NEW mechanisms in bacteria that contribute to antibiotic resistance by rapidly increasing the number of resistance gene copies have been discovered by researchers at Uppsala University, Uppsala, Sweden. The newly discovered mechanisms promote heteroresistance, a phenomenon in which a small fraction of resistant bacteria in a population (around 1 in 100,000 bacteria) coexist with largely susceptible populations. These small, resistant subpopulations can continue to grow despite antibiotic treatment, posing a significant challenge for the treatment of infectious diseases.
The study elucidates the role of plasmids—small, free-standing DNA rings that bacteria use to store genes outside their chromosomes. The researchers discovered two mechanisms by which the number of plasmids carrying resistance genes can multiply up to 90-fold, significantly increasing bacterial resistance. Along with a third known mechanism involving gene amplification, these processes can occur simultaneously within a bacterium, causing a temporary but complex and rapid increase in antibiotic resistance.
“It was completely unknown until now that these mechanisms could promote heteroresistance,” explained Helen Wang, an author of the study. “Our study shows that they can accelerate the selection and growth of resistant bacteria during antibiotic treatment. This study, which partly involved animals, makes it more relevant to understanding these processes in humans.”
The temporary nature of heteroresistance makes detection challenging during clinical examinations, as resistant bacteria can rapidly revert to susceptibility in the absence of antibiotics. “All three mechanisms are unstable and can quickly revert to sensitivity in the absence of antibiotics,” Wang added. “This makes it more difficult to detect the resistant bacteria during a clinical examination, as they disappear so quickly.

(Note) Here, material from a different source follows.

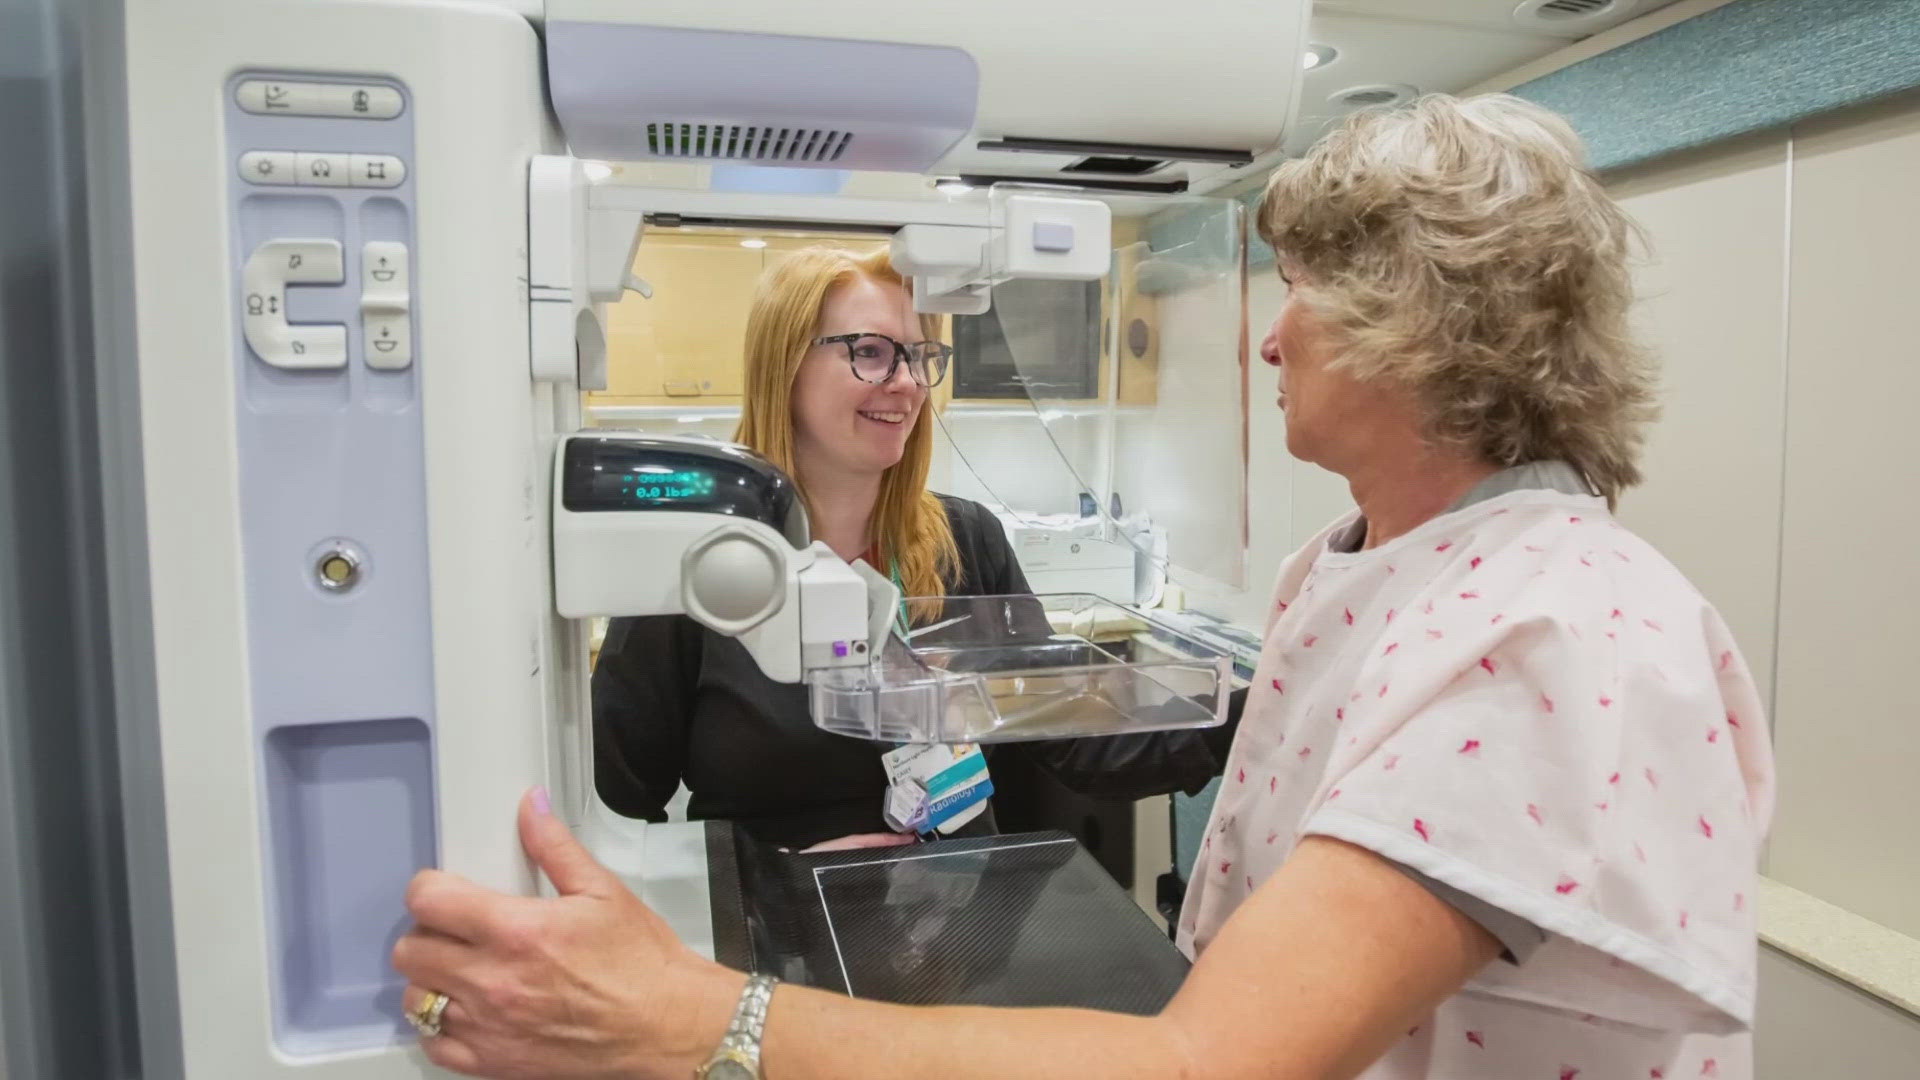 Northern Light CA Dean Hospital in Greenville launched a new mobile mammography service that will expand to other areas of the state this summer.

Given what we now know, it is important to be able to develop better diagnostic methods that can detect increased antibiotic resistance.”
The study’s insights are pivotal for understanding the role of bacterial resistance in human health, especially as the research involved both laboratory and animal models, enhancing its relevance to clinical settings. By shedding light on these new mechanisms, this research paves the way for improved diagnostic and treatment strategies to combat antibiotic-resistant infections.
Reference
Nicoloff H et al. Three concurrent mechanisms generate gene copy number variation and transient antibiotic heteroresistance. Nature Communications. 2024;15(1).